- Ballard Mountain Location within California Ballard Mountain Location within the United States

Highest point
- Elevation: 2,031 ft (619 m) NAVD 88
- Coordinates: 34°06′35″N 118°48′36″W﻿ / ﻿34.109672°N 118.809865°W

Geography
- Location: Los Angeles County, California, U.S.
- Parent range: Santa Monica Mountains

= Ballard Mountain =

Mountain in the Santa Monica Mountains

Ballard Mountain is a mountain in Los Angeles County, California in the Santa Monica Mountains with an elevation of 2039 ft.

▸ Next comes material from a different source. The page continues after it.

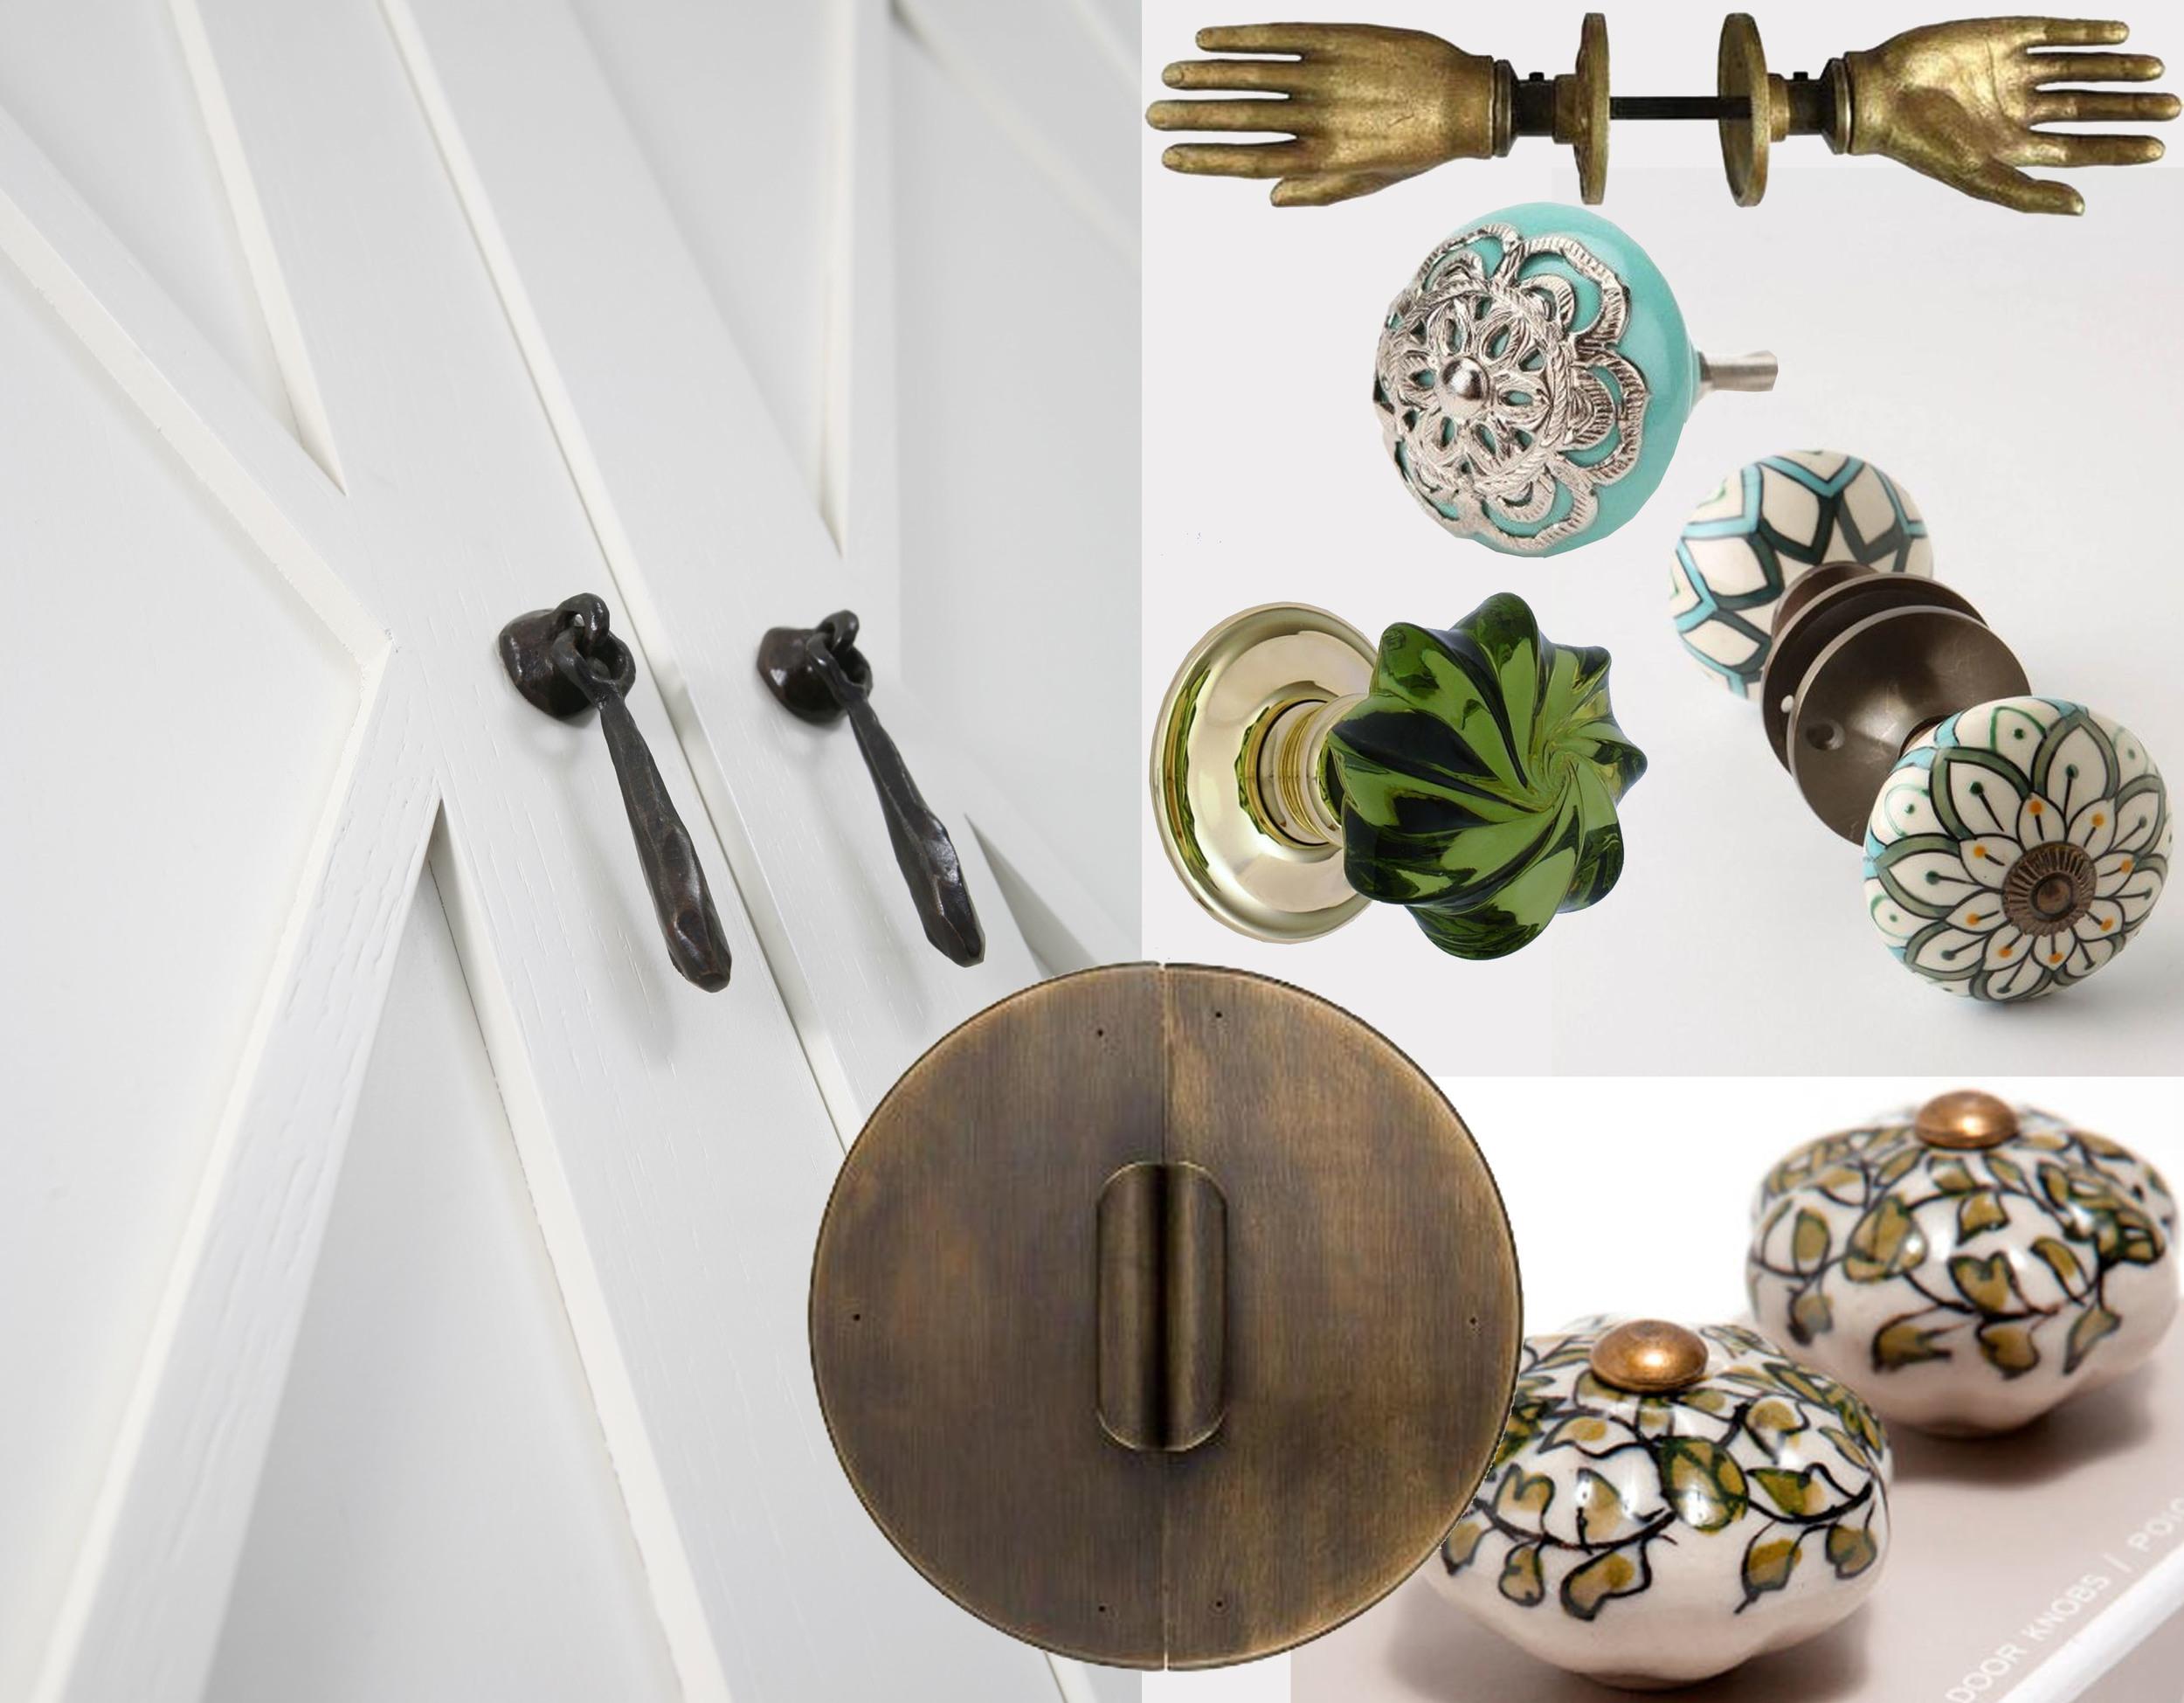 inspiration door knobs on Pinterest

Originally known as Niggerhead, all names containing that slur were replaced by the Board on Geographic Names to "Negro", making it known as Negrohead from 1964. In 2009, the name was changed to recognise the summit's association with John Ballard, an early black pioneer.

==John Ballard==
John Ballard, a Black man from Kentucky, arrived in Los Angeles in 1859. He became a successful businessman, buying and selling real estate. He was active in civic affairs and in 1872 was one of the founding members of the First African Methodist Episcopal Church of Los Angeles. In 1880, Ballard picked up his family and moved about 50 miles west to the Santa Monica Mountains. He purchased 160 acres of land, and the family raised some livestock and a few crops. Ballard collected firewood and sold it in the city.

He distinguished himself as an extraordinary individual who worked hard and persevered, despite attempts by others to drive him off his land. Despite his accomplishments, Ballard was mistreated by other pioneers due to the color of his skin. Thieves unsuccessfully tried to chase Ballard from his home. His cabin was set on fire twice, but he was not easily deterred. He rebuilt his home both times. Ballard died in 1905 when he was about 75 years old.

The Ballard homesteads included a 2,031 foot that stands in the mountains just south of today’s cities of Thousand Oaks and Agoura Hills. Due to Ballard's presence on the land, the peak came to be known as “Niggerhead Mountain". It is unclear where or when this started, but the name appears on early maps of the area. In 2009, the name was changed to recognize the summit's association with Ballard.